I want the first objects order (footerMenuOptions) to change to be able to reflect this (ie the keys), but the values to remain intact).

In the case where the key-value pair does not exist, it should just be created with a default value of false (ie if this.navbarMenuOptions has a new entry).

What would be the most performant way of accomplishing this:

Code is as follows:

toggleFooterMenuOptionVisibility(index: number) {
   // Some other stuff happens beforehand which isn't important
   footerMenuOptions = this.sortFooterMenuOptions(footerMenuOptions);
}

sortFooterMenuOptions(footerMenuOptions) {
   // this.navbarMenuOptions is a global variable so it doesn't need to be passed in
   return footerMenuOptions;
}

Answer 1

You can use your main object's keys and get indexes from second array and sort your object's keys by these indexes like below:

 var arr1 = { Home: true, About: false, Features: false, Contact: false } var arr2 = ["About", "Home", "Features", "Contact"]; const ordered = {}; Object.keys(arr1).sort((a, b) => { return arr2.indexOf(a) - arr2.indexOf(b); }).forEach(r => ordered[r] = arr1[r]); console.log(ordered);

I assumed your object has 1 key or the first key is the same with values in the second array.
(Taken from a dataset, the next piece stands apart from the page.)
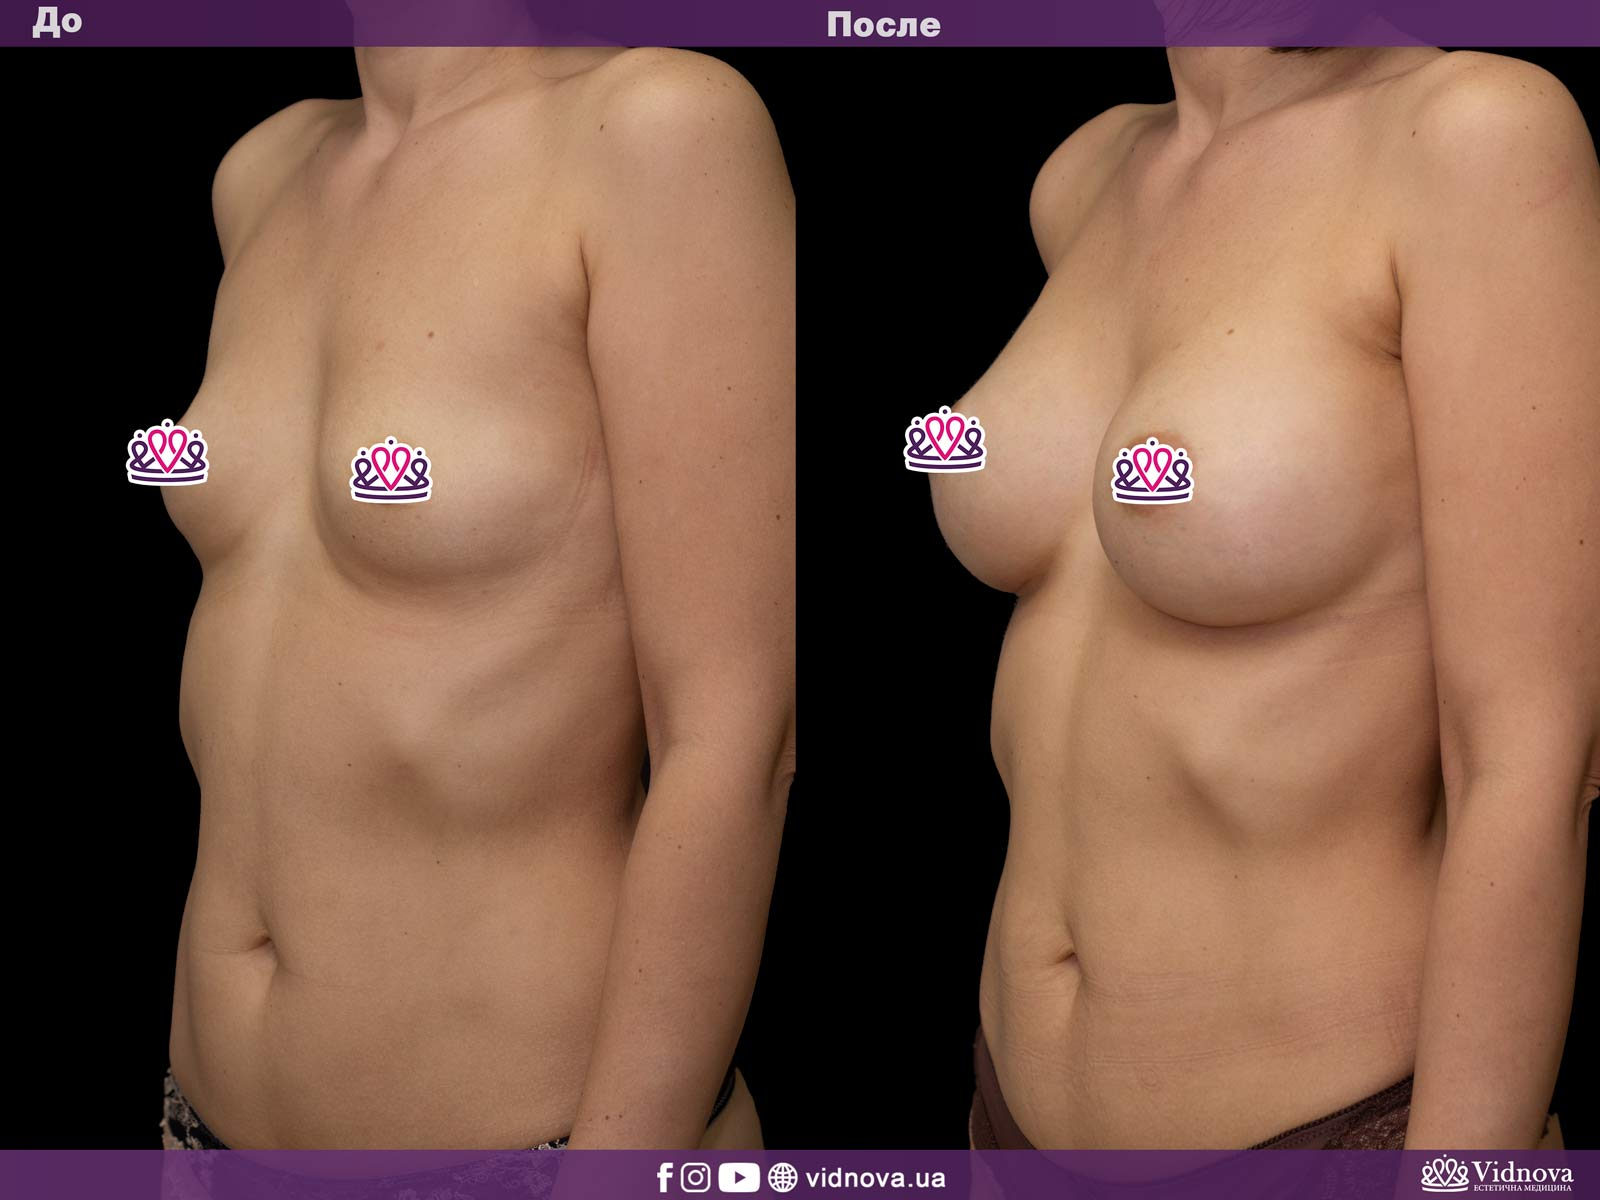 Увеличение груди: Фото ДО и ПОСЛЕ - Пример №9-2 - Клиника Vidnova

So if we apply it to your example it should become like this :

 sortFooterMenuOptions(unsortedFooterMenuOptions) { const sortedFooterMenuOptions = {}; Object.keys(unsortedFooterMenuOptions) .sort((a, b) => { return this.navbarMenuOptions.indexOf(a) - this.navbarMenuOptions.indexOf(b); }).forEach(r => sortedFooterMenuOptions[r] = unsortedFooterMenuOptions[r]); return sortedFooterMenuOptions; }